RNA metabolism, from its synthesis in the nucleus, through its role in cellular homeostasis, to degradation in
the lysosome, is a regulated process that is inherently controlled by RNA structure. We know this, in part, from
the plethora of papers detailing disease-causing deficiencies in RNA metabolism. Modeling of the “structural
landscape of RNA metabolism” to enable experimental regulation of the process, requires knowledge of what
RNAs are expressed, their 3D-structures, their subcellular location and how they interact with their local
interacting partners. To date, most efforts that generate information about these RNA regulatory processes,
such as RNA interactions with RNA binding proteins, use purified fractions of cellular homogenates from
groups of cells.

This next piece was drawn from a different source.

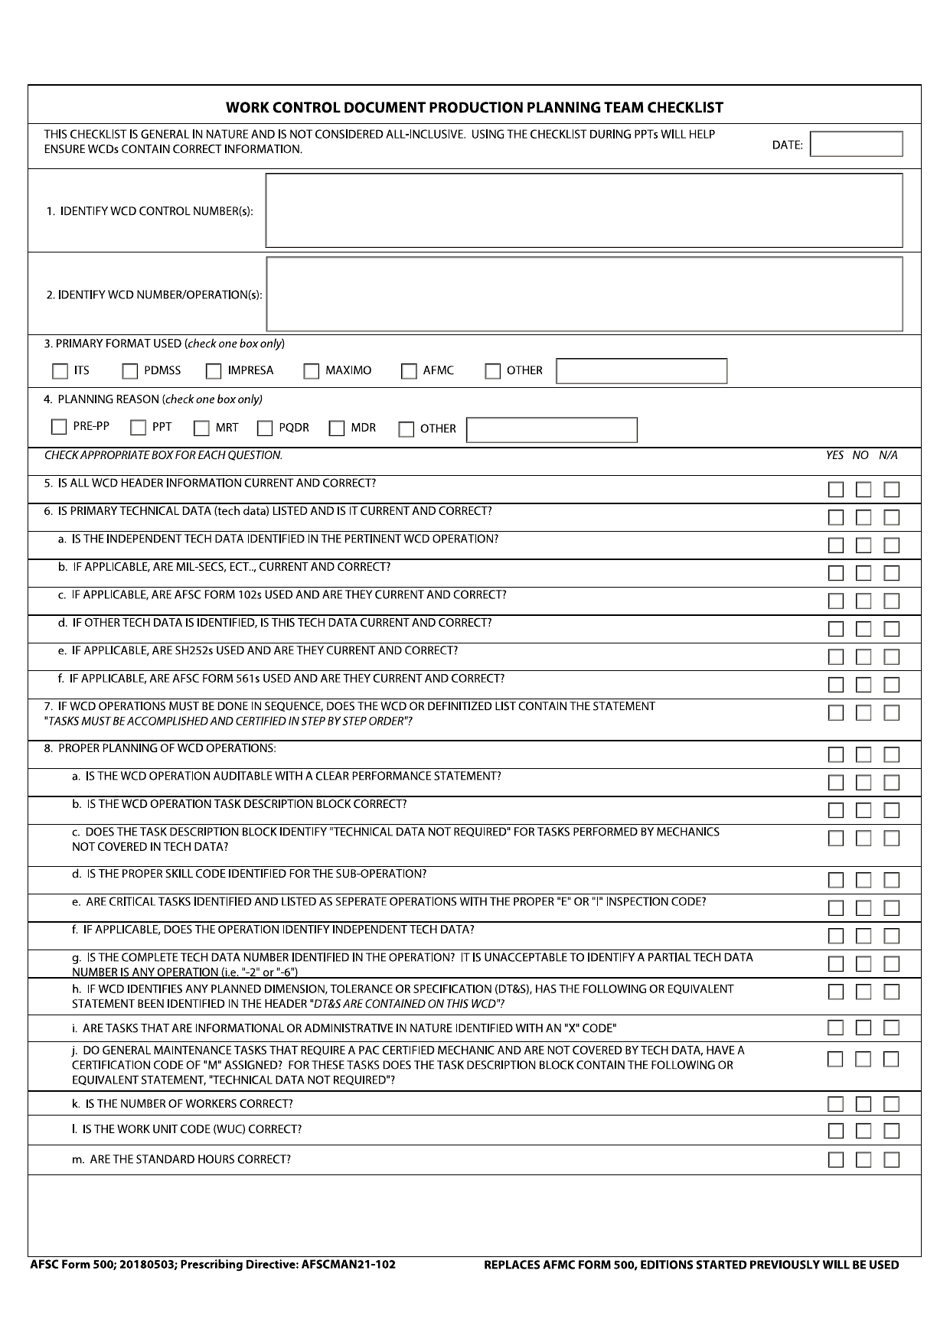 AFSC Form 500 Work Control Document Production Planning Team Checklist, Page 1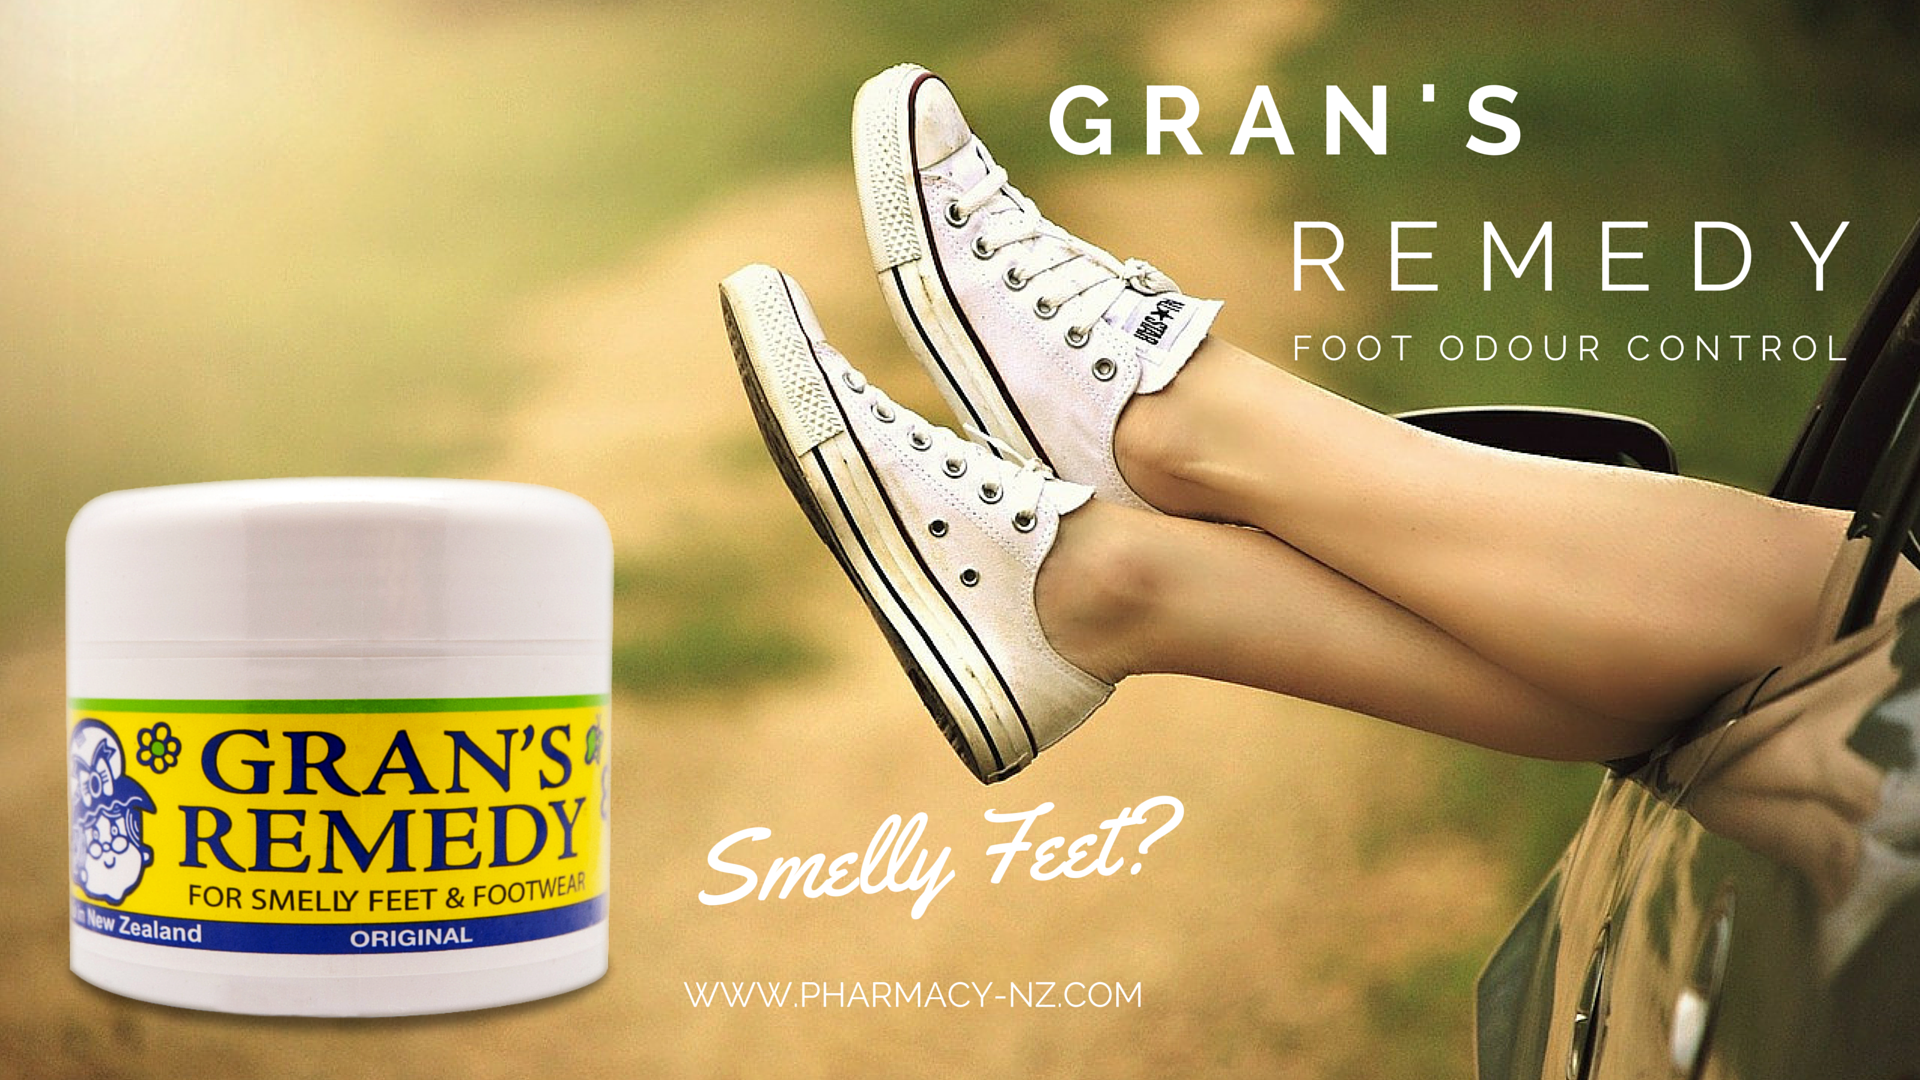 Grans Remedy Treatment for Smelly Feet

Such cell-ensemble information is useful, however, the cell-selectivity of these processes and
the dynamics of RNA structural changes across this structural landscape is unknown. The uniqueness of
individual cells and subcellular environments requires that such studies be performed at the level of single
cells. There is currently no experimental approach that allows for structural analysis of RNA molecules across
the RNA metabolic landscape within the natural microenvironment of individual cells. We propose to map the
structural landscape of RNA metabolism in single cells, in vivo, by developing a suite of sensitive, high-
resolution molecular approaches that yields a quantitative 3-D map of all RNA-associated structures within
single cells and subregions of these cells. This approach, called In Vivo Structural Analysis mapping, or VISTA
mapping, uses a combination of protein, RNA and organelle markers to direct subcellular function of light-
activated in situ RNA amplifiers, the product of which is RNA-structure sensitive and informative. The structural
analysis of all RNAs and RNA-associated organelles in a single cell will permit a determination the overall logic
of the RNA metabolic landscape within a cell. The goal of the proposed studies is to create and understand the
“Topological Map of Single Cell RNA Metabolism”. This will be accomplished using newly developed VISTA
mapping. Cell-type specific VISTA maps, generated from neurons in their natural microenvironment, will
provide novel insights into and opportunities for manipulating normal cell biology as well as disease-associated
RNAopathies.!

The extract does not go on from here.